When heated, N2O4 dissociates as follows: N2O4 =2NO2
A flask initially contians .560 M N2O4. at this temperature, Kc is 4.00. what is the equilibrium concentration of NO2?
Set up an ICE chart, substitute into Kc, and solve.
initially:
N2O4 = .560 M
NO2 = 0
change:
NO2 = +2x
N2O4 = -x
equilibrium:
N2O4 = 0.560-x
NO2 = 2x
Solve for x, then 2x will be (NO2). Post your work if you get stuck.
i ended up with x=.28 and i multiplied it by 2 and it was not the right answer
To find the equilibrium concentration of NO2, we will use the given initial concentration of N2O4 and the value of Kc.
Let's assume that at equilibrium, the concentration of N2O4 is x M. Since the reaction N2O4 = 2NO2, the concentration of NO2 at equilibrium will be 2x M.

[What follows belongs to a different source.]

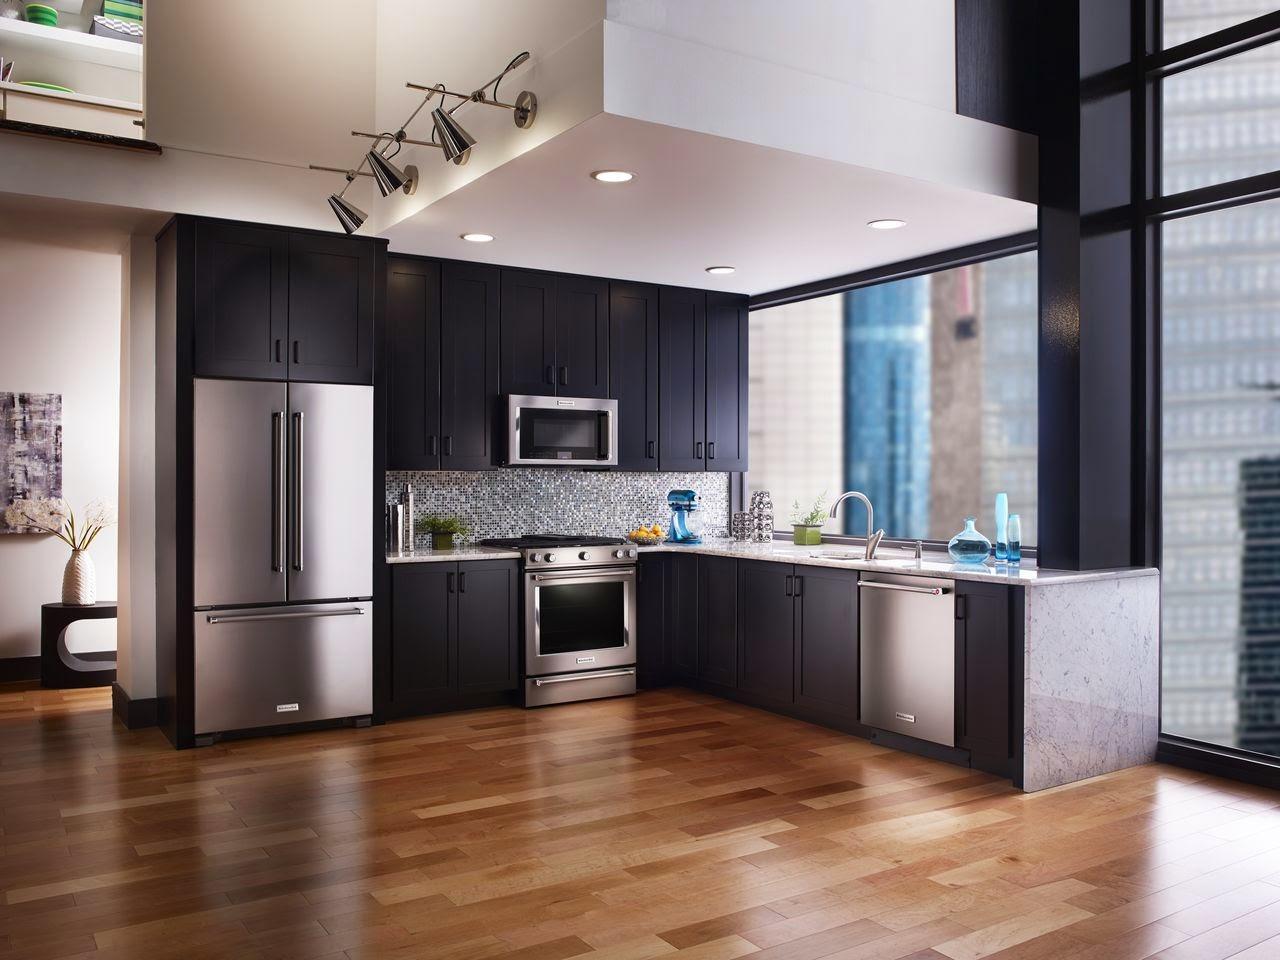 Kitchenaid Induction Stove
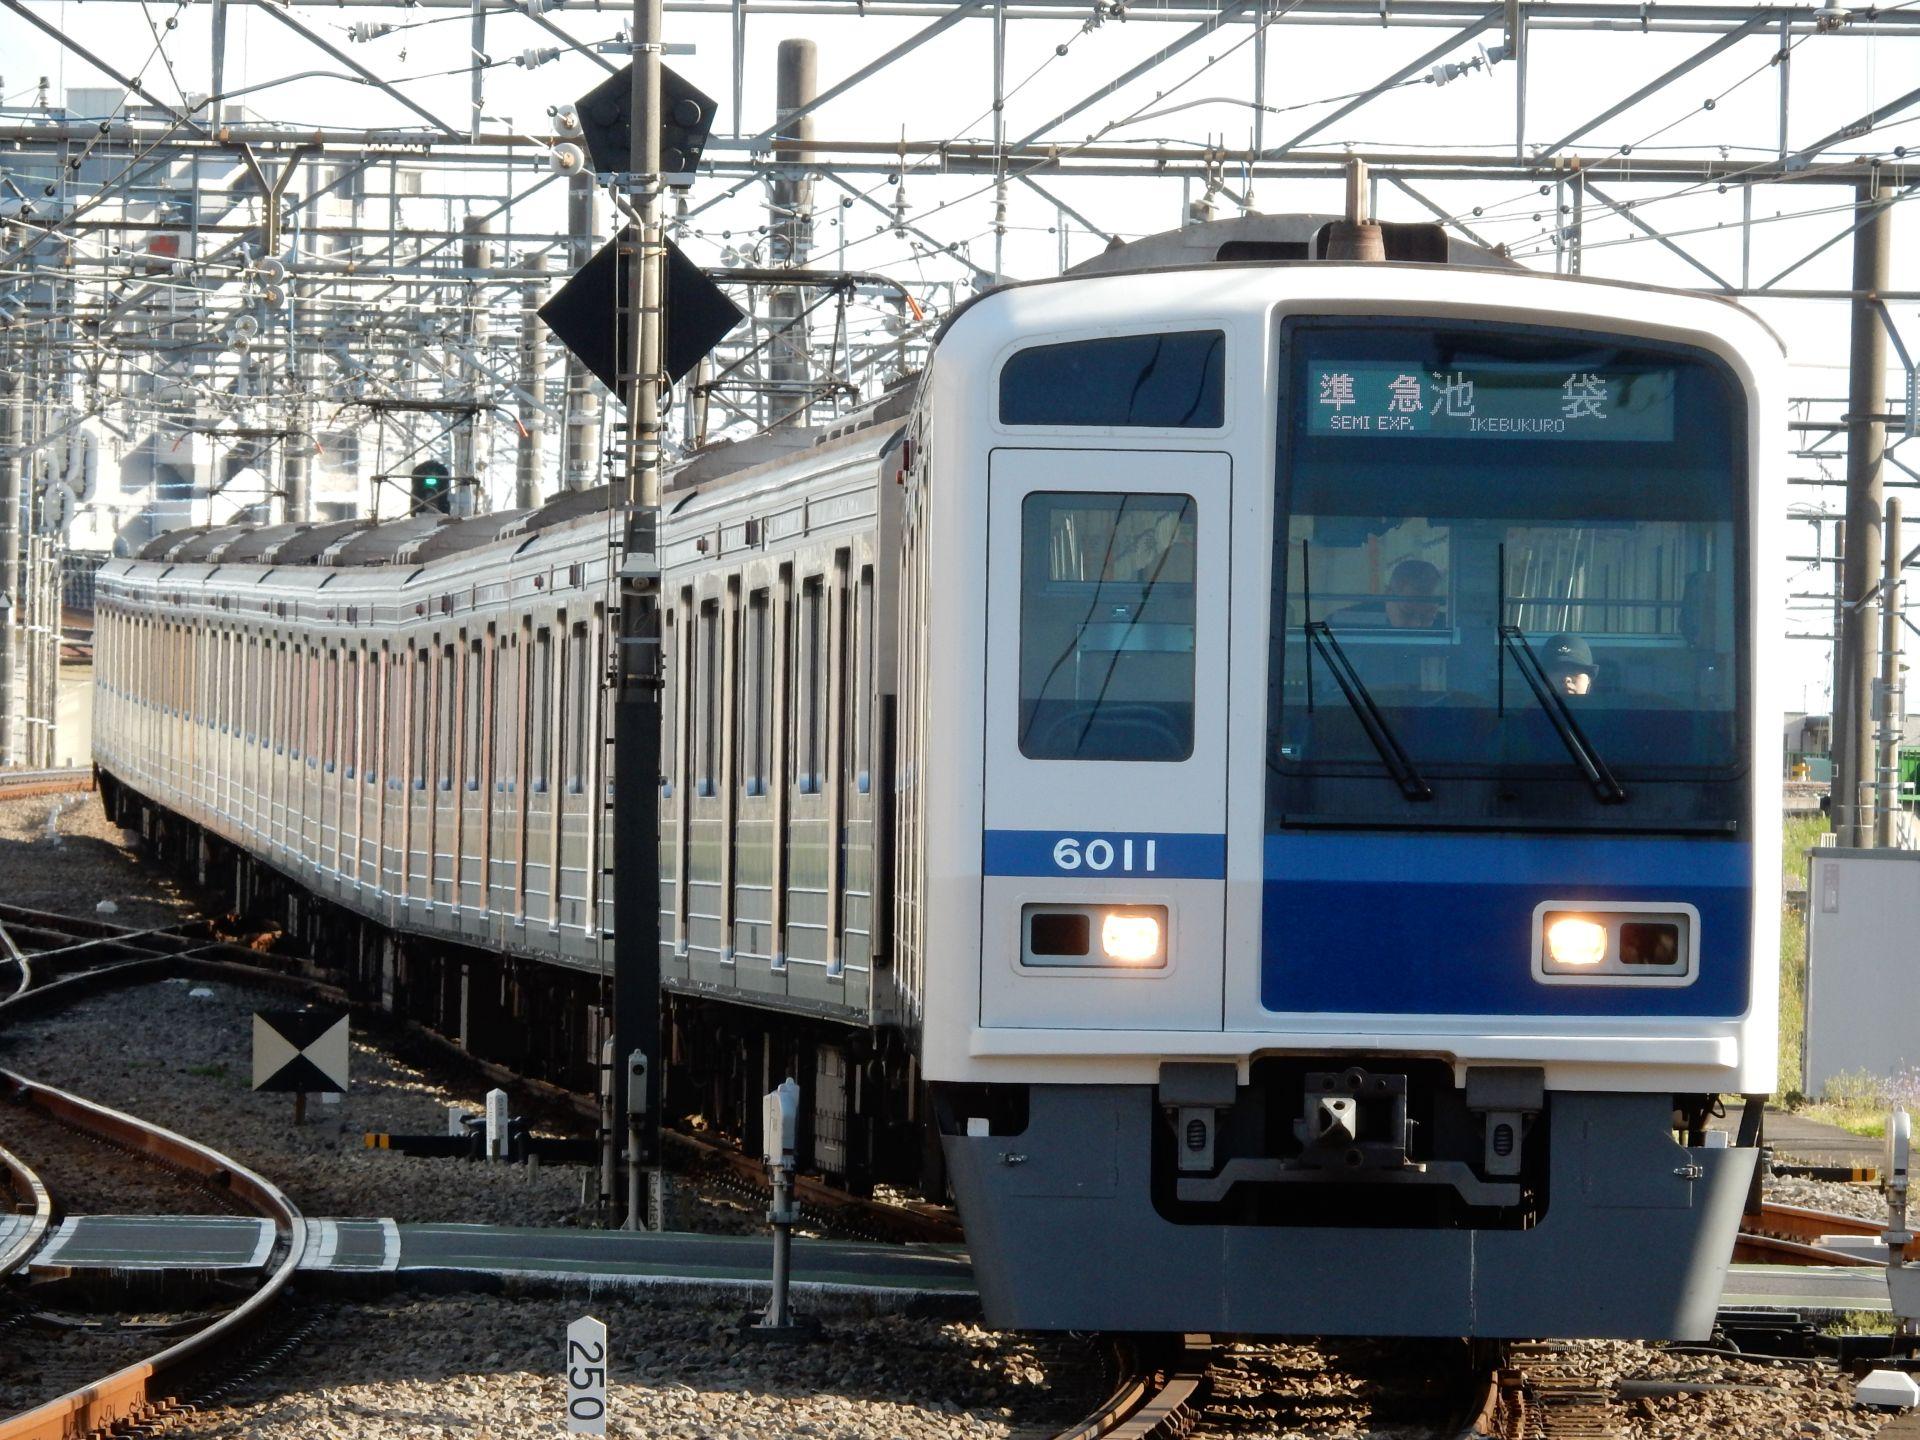 DSCN7800 - コピー

The equilibrium constant Kc is defined as the ratio of the product concentrations to the reactant concentrations, each raised to their respective stoichiometric coefficients. In this case, Kc = [NO2]^2 / [N2O4].
Given that Kc = 4.00, we can set up the equation:
4.00 = (2x)^2 / x
Now, let's solve for x.
First, let's square both sides of the equation:
16 = 4x^2 / x
Next, let's multiply both sides by x to eliminate the fraction:
16x = 4x^2
Now, divide both sides by 4x:
4 = x
Therefore, the equilibrium concentration of N2O4 is 4 M, and the equilibrium concentration of NO2 is 2 * 4 M = 8 M.